Depois dia 2 de Novembro parece começar a modelar-se algo idêntico ao que tivemos neste últimos dias Depressão a latitudes mais baixa a "puxar" aquela que se encontrava nas Ilhas Britânicas até mais a sul e assim ganhando bastante força, precipitação abundante e vento forte, especialmente no litoral norte e centro...
Atenção que o GFS coloca o Anticiclone no norte da Rússia, por isso condições para ciclogénese no NW da Península são boas e assim termos 3/4 dias de precipitação abundante e ventos fortes parecem começar a modelar-se....
O ECMWF embora não estando completamente de acordo, as linhas gerais estão lá...mais ainda mais exacerbado o "fenómeno"....
Será que vem aí mais uma semana igual?


----------



## Jorge_scp (28 Out 2011 às 18:48)

MarioCabral disse:


> Será que vem aí mais uma semana igual?



Os modelos estiveram muito bem a prever a longo prazo os últimos 2 eventos, se continuarem com essa assertividade então já é praticamente garantido que teremos novamente chuva na próxima semana. E, como referiste, em condições sinópticas bastante semelhantes, com a possibilidade de ciclogéneses mais pequenas a "desprenderem-se" da principal.

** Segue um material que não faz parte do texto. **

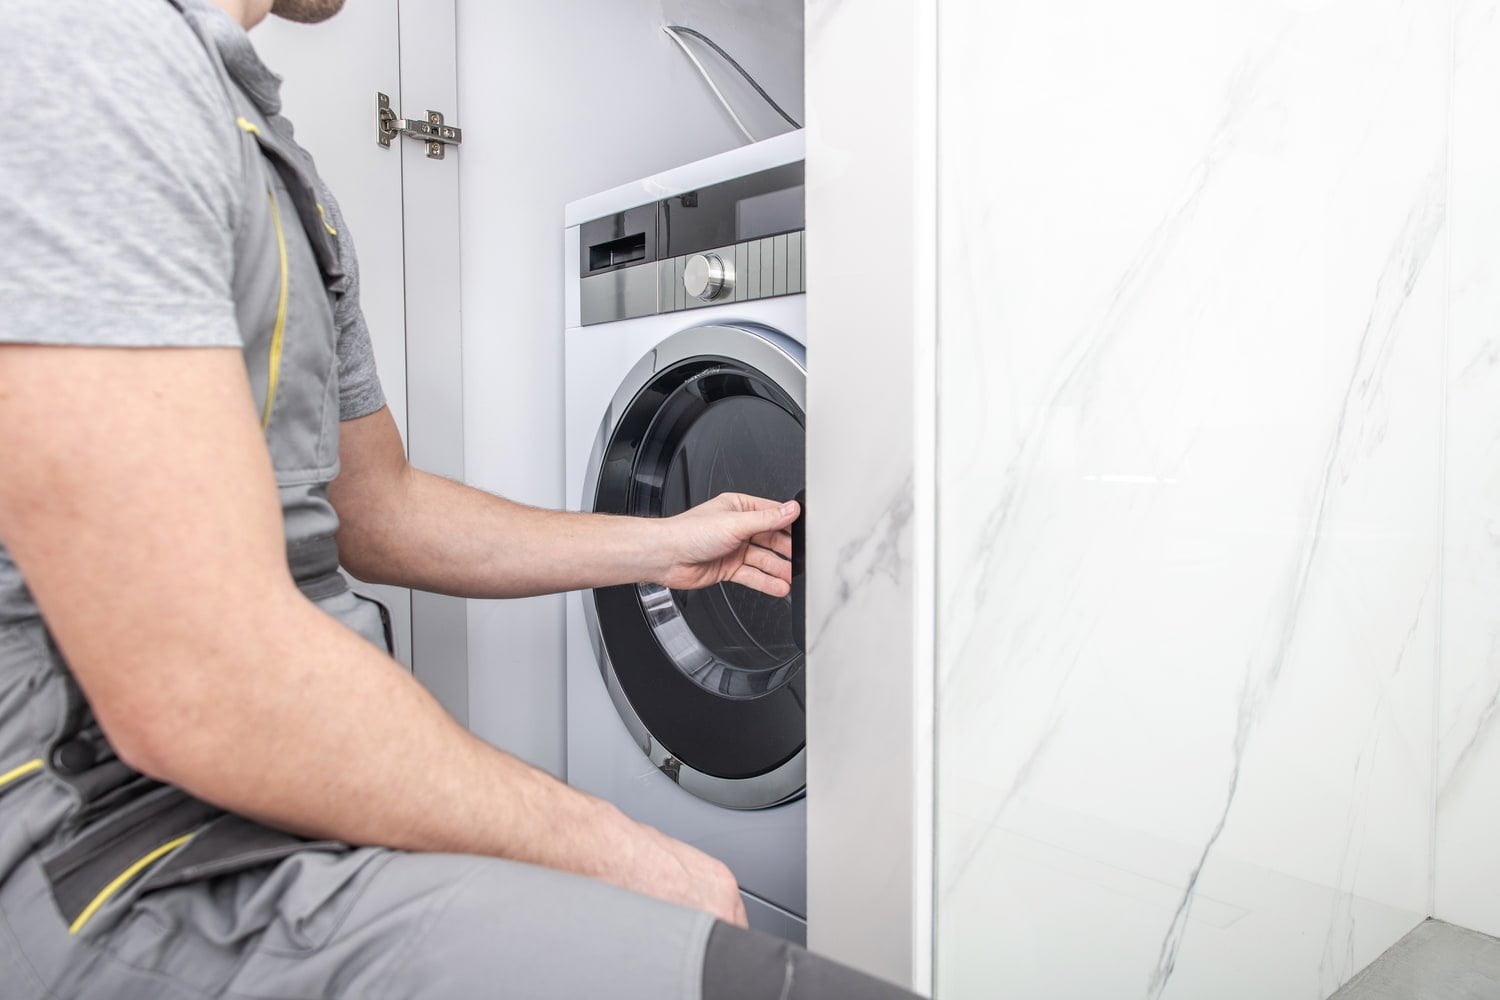 Washing Machine Installation Is Easier Than You Might Think!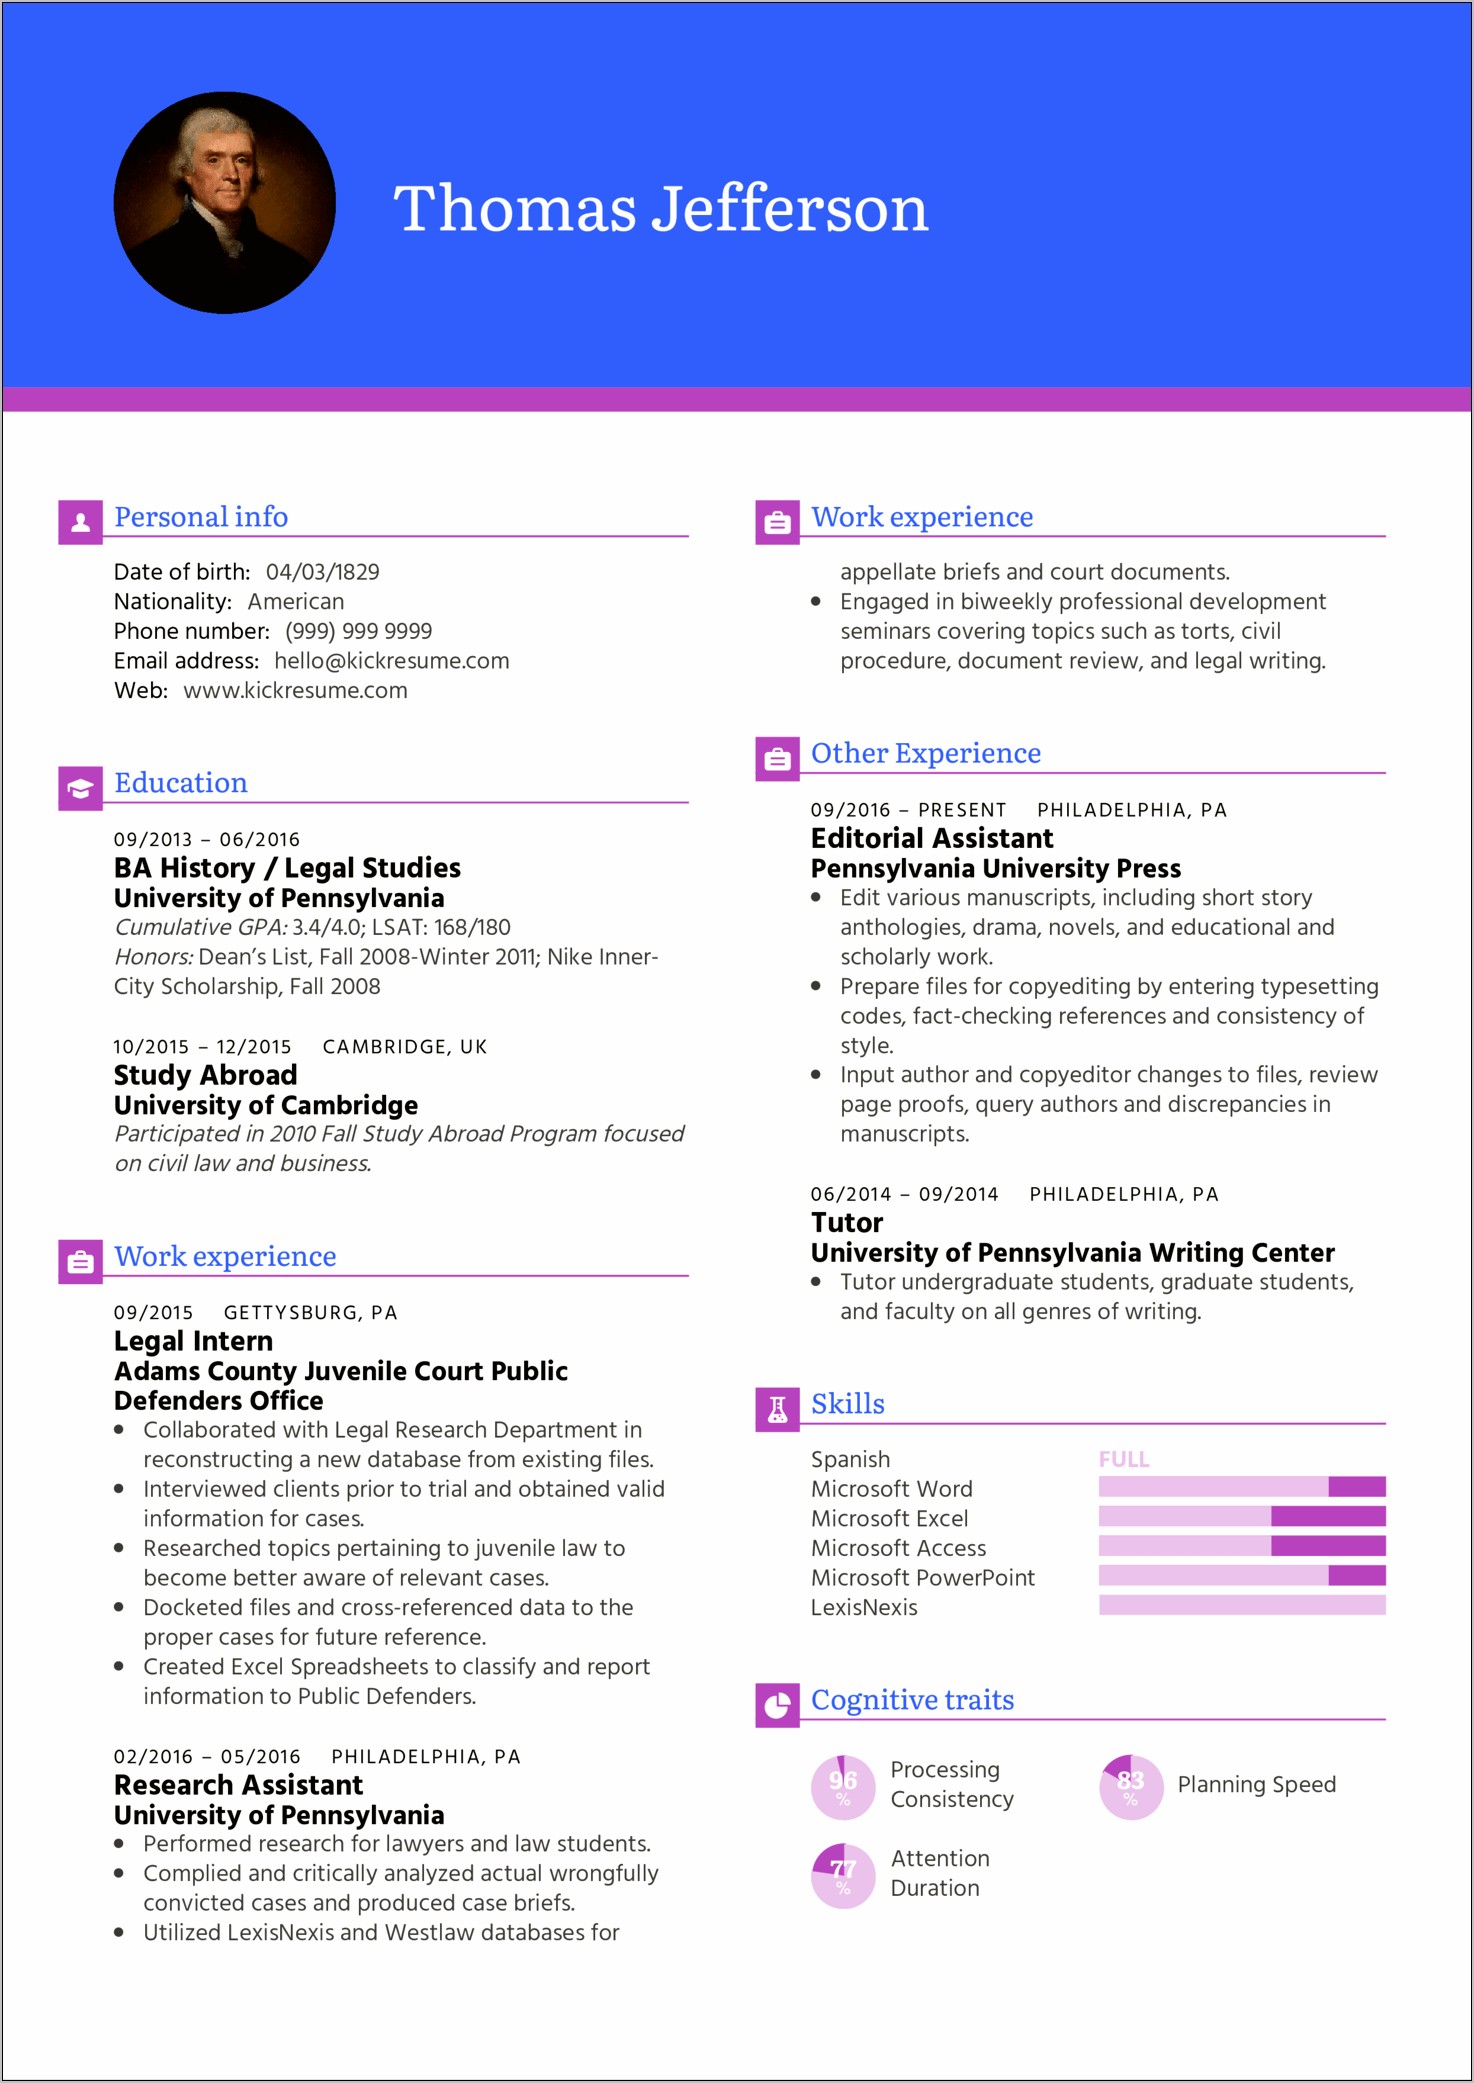 Resume Samples For Law Graduates

Mas ainda é cedo para falar nesses pequenos pormenores, já que até a curto prazo são bastante difíceis de modelar. A tendência para mais uma semana de chuva está lá!


----------



## Aurélio (28 Out 2011 às 20:14)

Jorge_scp disse:


> Os modelos estiveram muito bem a prever a longo prazo os últimos 2 eventos, se continuarem com essa assertividade então já é praticamente garantido que teremos novamente chuva na próxima semana. E, como referiste, em condições sinópticas bastante semelhantes, com a possibilidade de ciclogéneses mais pequenas a "desprenderem-se" da principal. Mas ainda é cedo para falar nesses pequenos pormenores, já que até a curto prazo são bastante difíceis de modelar. A tendência para mais uma semana de chuva está lá!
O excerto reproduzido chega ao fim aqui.